Thanks for getting in touch and I’m sorry to hear you’re having these issues.

These logs, is that from the health check task or from the Octopus Server log (they look to be from the health check)?

Could you send through the Octopus Server logs as well, these might have some more information in them that could help us figure out what is going on here.

Also, we this docs page for troubleshooting Tentacle communication issue, but it looks like you’ve already gone through all of the steps for polling Tentacles.

Thank you and kind regards,
Henrik

Hi Henrik,

Please find the Octopus server logs attached. As a reminder, the server is UTC.

Some additional information, I tried connecting an additional tentacle to the same server from a public network with no firewalls in place – I was able to register the tentacle but I was not able to successfully create a health check. Additionally, despite several tentacles not having passed a health check for multiple days, they appear as Healthy for some reason and can still take part in a deployment. If I queue a health check manually for these targets, it does not work. But when I go to deploy a release, any targets showing as “Unavailable” do not collect the request quickly enough, as shown in the deployment log:

08:43:28 Error | A request was sent to a polling endpoint, but the polling endpoint did not collect the request within the allowed time (00:02:00), so the request timed out.
| Server exception:
| System.TimeoutException: A request was sent to a polling endpoint, but the polling endpoint did not collect the request within the allowed time (00:02:00), so the request timed out.
08:45:03 Info | Guidance received: Ignore
In the deployment above which deploys this step to two targets, the other target was successful once I ignored this failure.

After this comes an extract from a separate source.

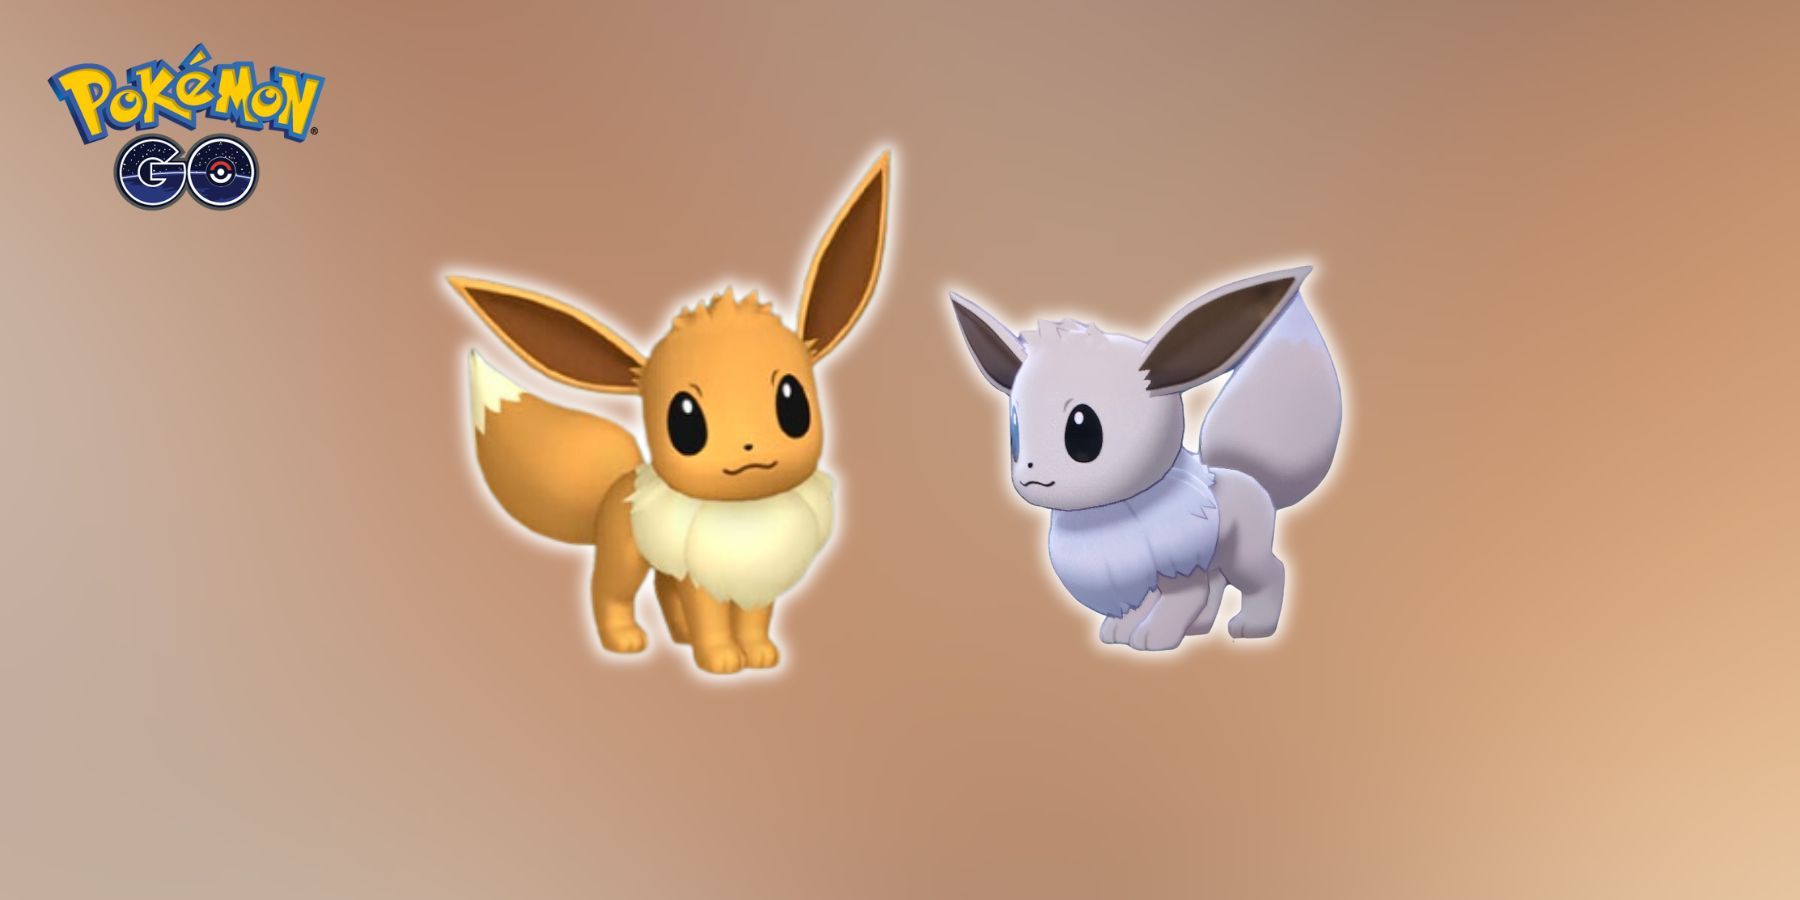 Eevee and Shiny Eevee Spotlight Hour in Pokemon GO

I have gone through the troubleshooting steps for tentacle communication with no success. Is there any more logging I can enable which can help me diagnose the problem?

Thanks,
Sam
OctopusServer.txt (117.9 KB)

Hi Sam,

Looking through the Octopus log I can’t find any calls to the subscription ID of the polling Tentacle, could you compare what Octopus shows to what is stored on the Tentacle.

Octopus:
image

Tentacle.config Tentacle.Communication.TrustedOctopusServers key:

Thanks,
Henrik

Hi Henrik,

In our version of Octopus (3.4.14), I can’t see any subscriptionId associated with the tentacle in the Octopus UI. I’m looking on the Environments page and then through all the settings of the deployment target itself.

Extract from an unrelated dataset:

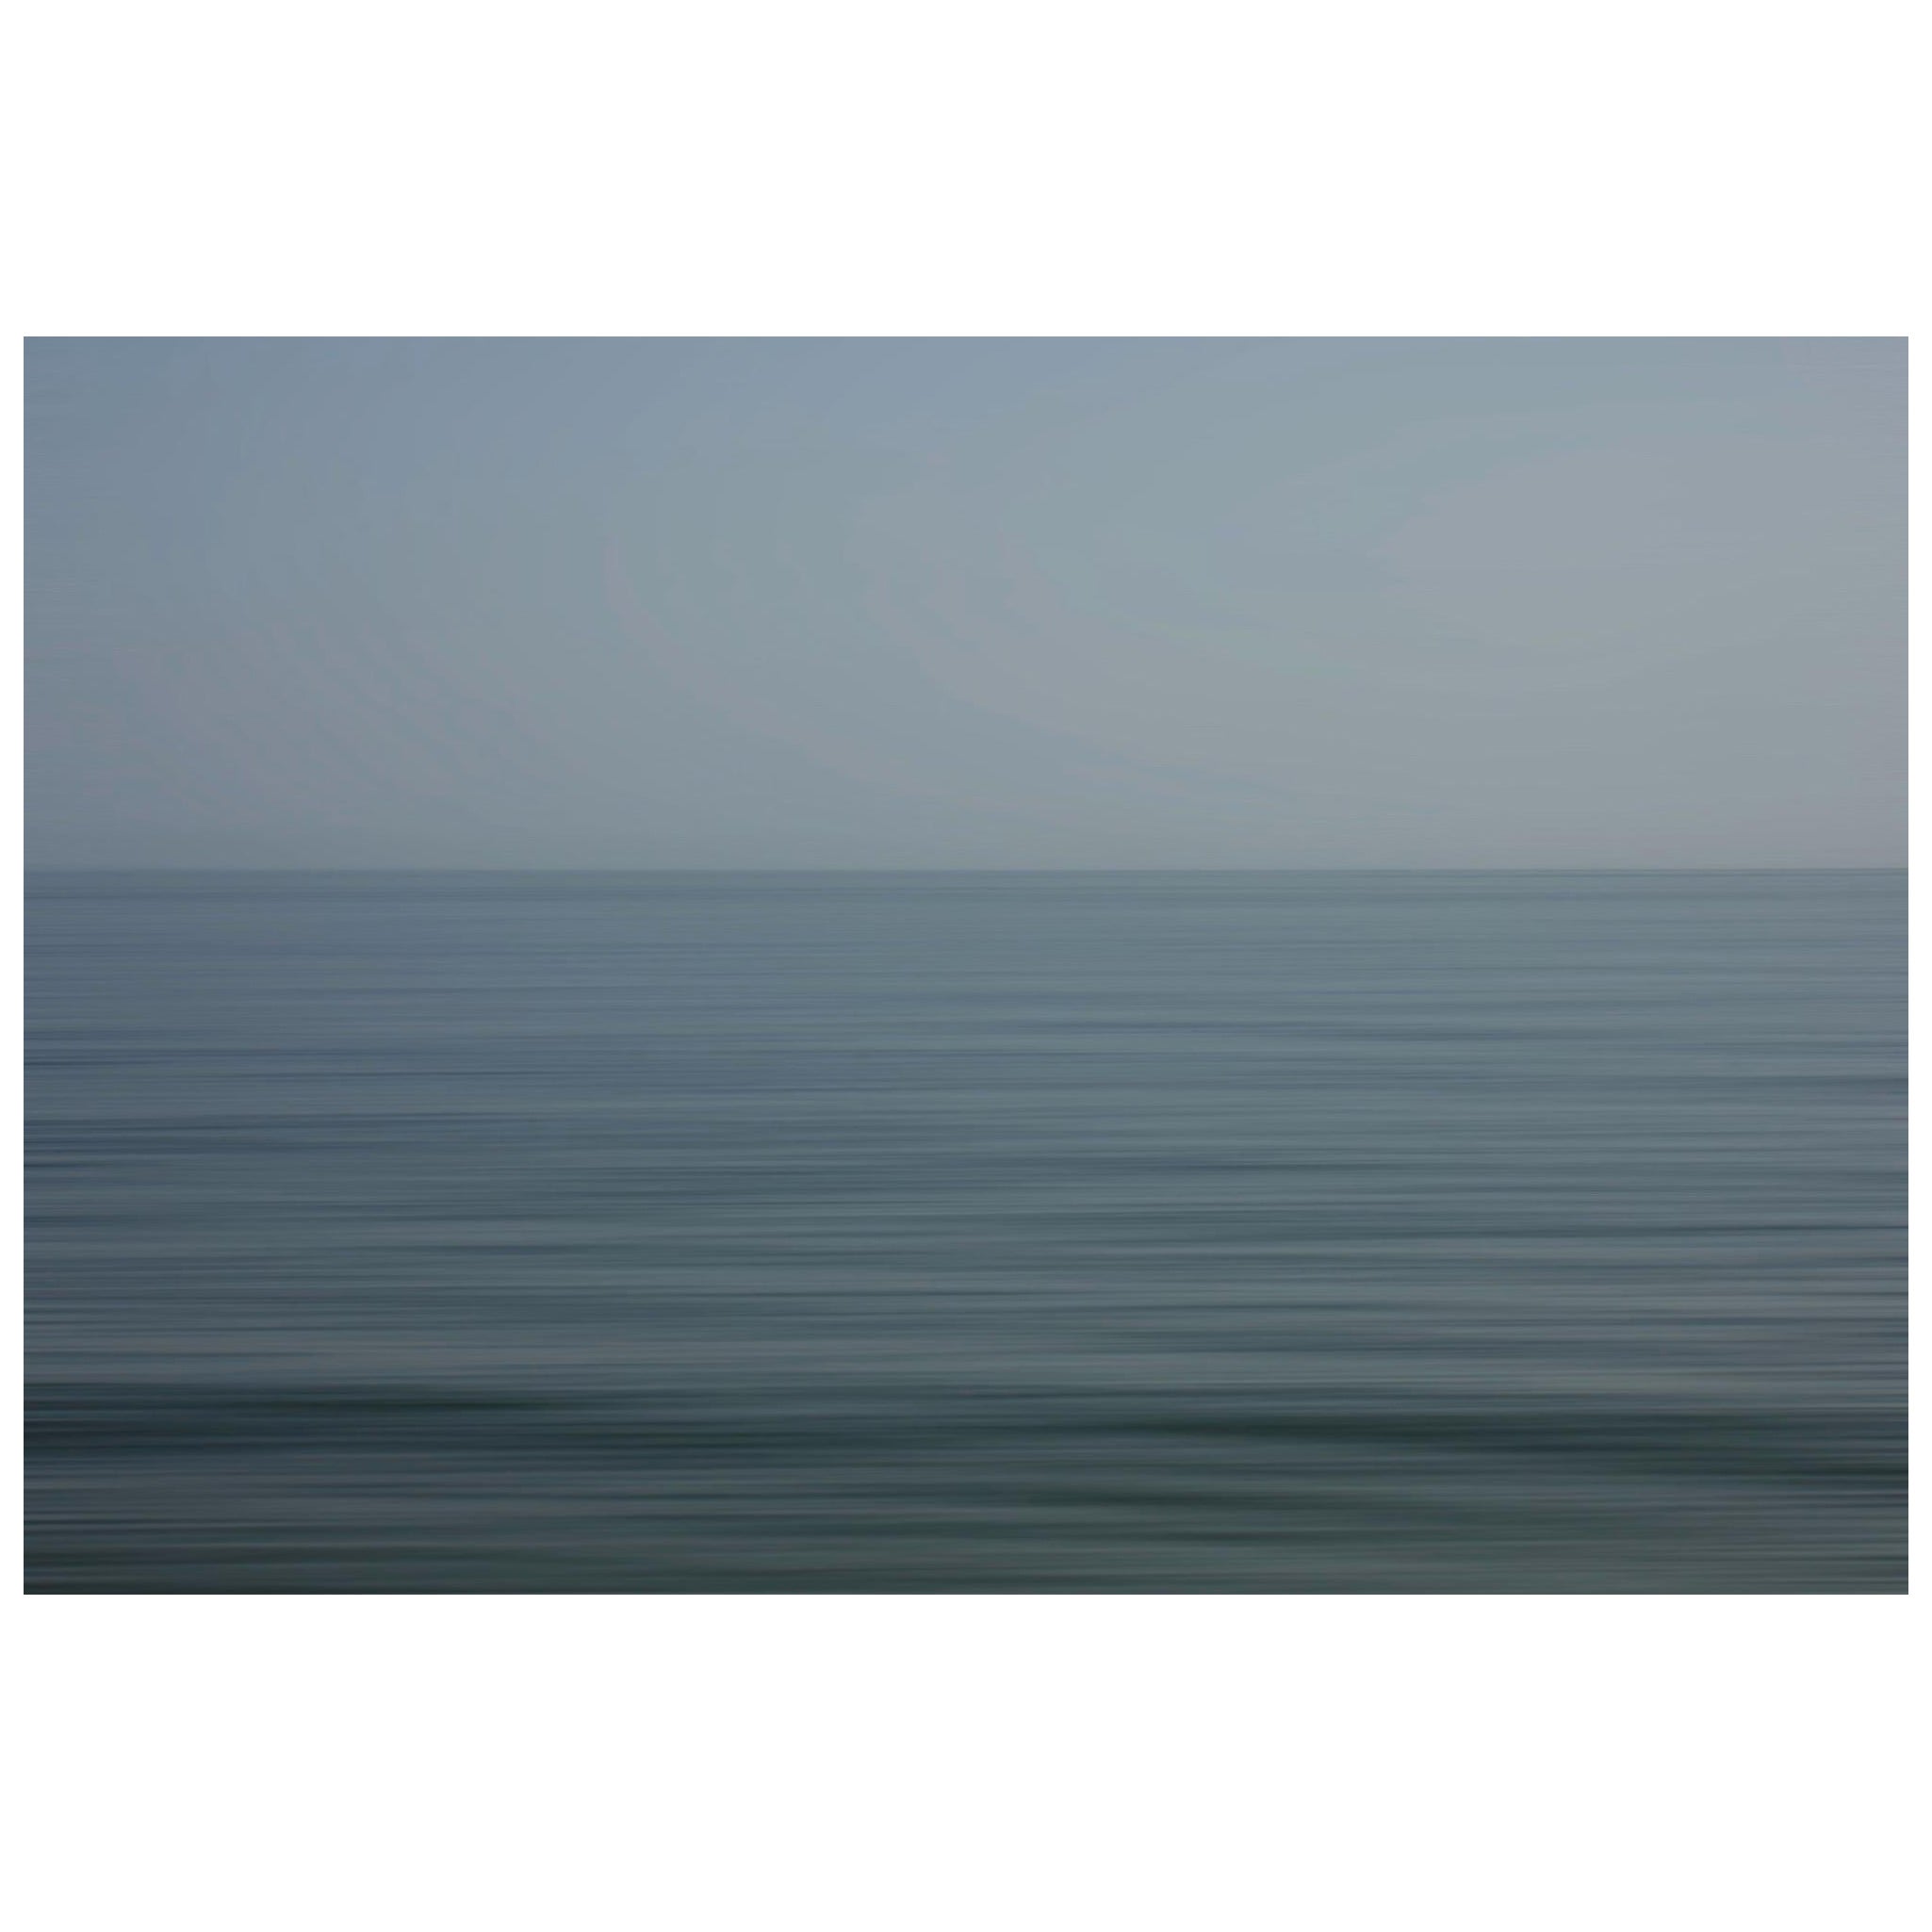 Bonnie Edelman "Algarve Blue, Portugal" Photograph, Scapes Series, 2021 For Sale

There have been some changes over the weekend - all of the targets has successful health checks up to and including 37 minutes ago, and all but one of them are showing as healthy. Despite this, when I queue a health check manually on any of the targets, it still fails.

If I look at the Connectivity tab of one of the targets, it shows the attached pattern repeated successfully every hour over the last day or so.

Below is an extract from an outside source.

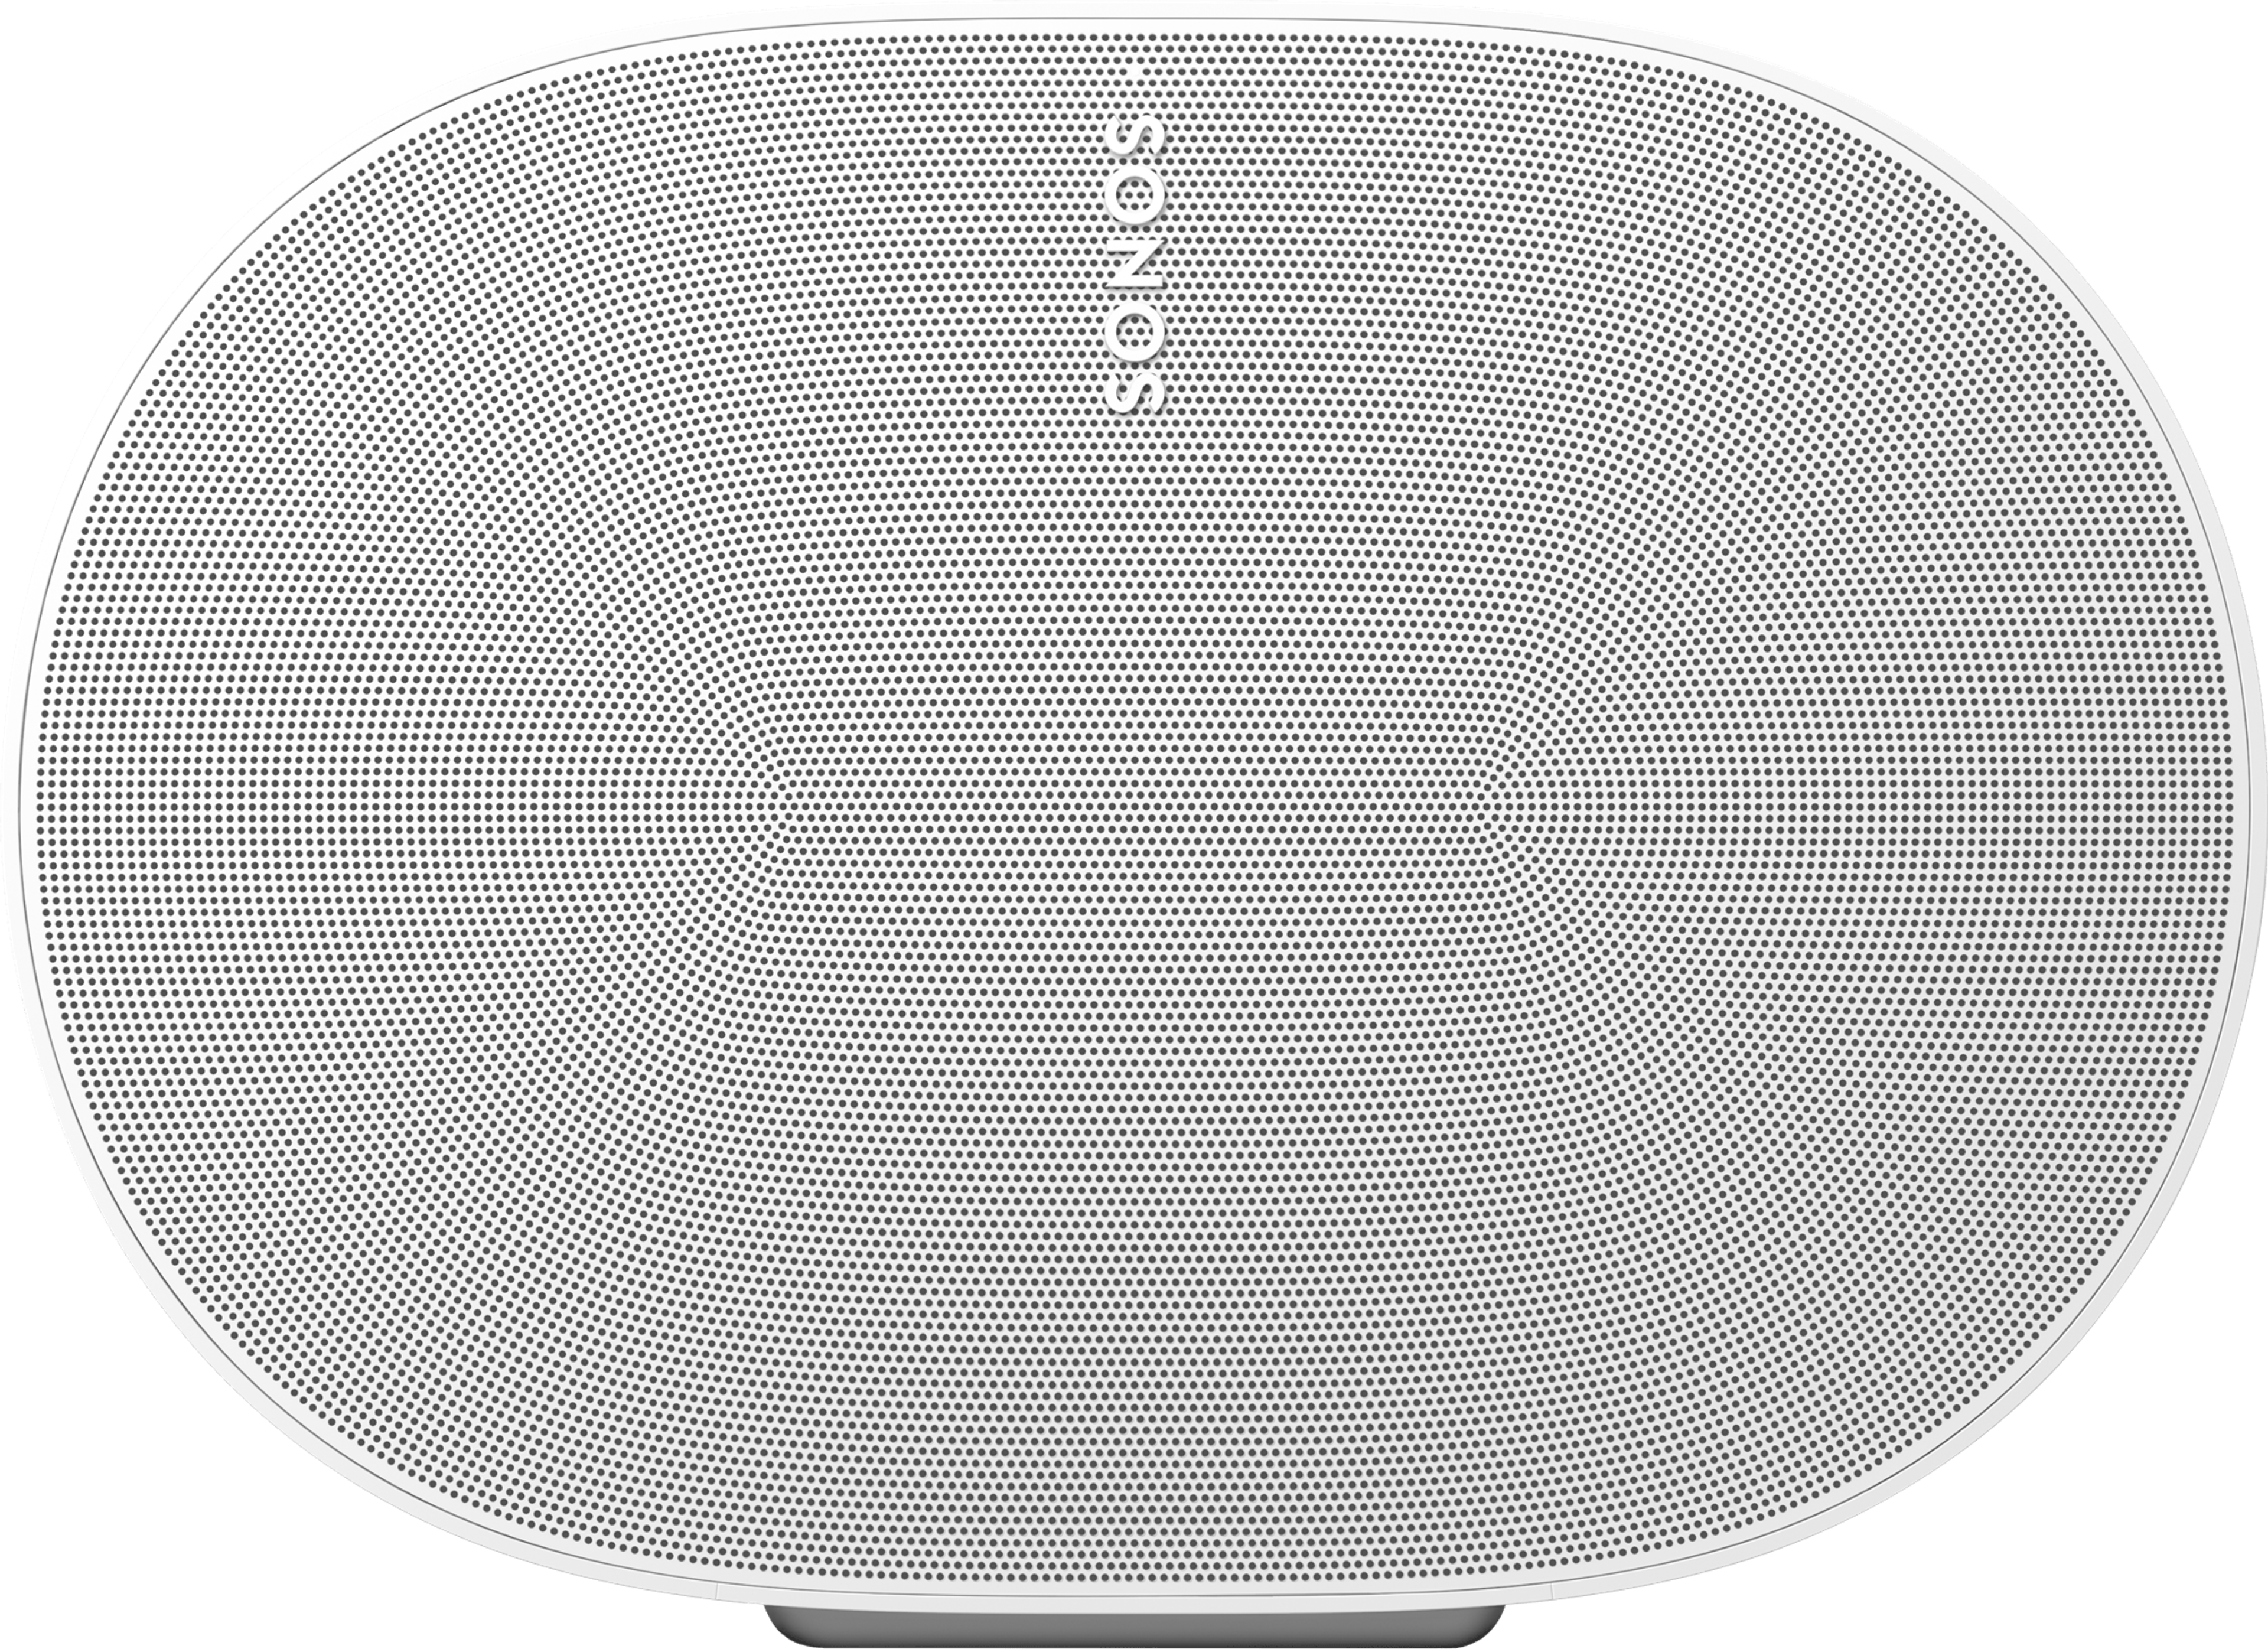 Närbild på framsidan av en vit Sonos Era 300-högtalare

The one that is marked as unhealthy still will not take part in a deployment.

Regarding the extra tentacle that is showing as unhealthy, I just logged into that machine to find the tentacle service was not running. I’ve started it again and I’ll monitor what happens.

I did start a health check having restarted the service which was not successful. It isn’t clear to me whether this is just an issue with a manual health check now. We’re considering upgrading to the latest version to see if that resolves any of our problems.

All deployment targets are now showing as healthy, however I still can’t run a manual health check.

Hi Sam,

Thanks for the update, I’ve looked through our release notes but have been unable to find any fixes related to manual health checks not working as expected. Upgrading to latest version could fix the issue, and it’s never a bad thing to be on the latest with all the other bug fixes and enhancements that have been made since the version that you’re on.

I’ve asked with the rest of the team if the issue rings any bells for them, I’ll let you know if we can figure it out.

Thanks.
Henrik

This topic was automatically closed 30 days after the last reply. New replies are no longer allowed.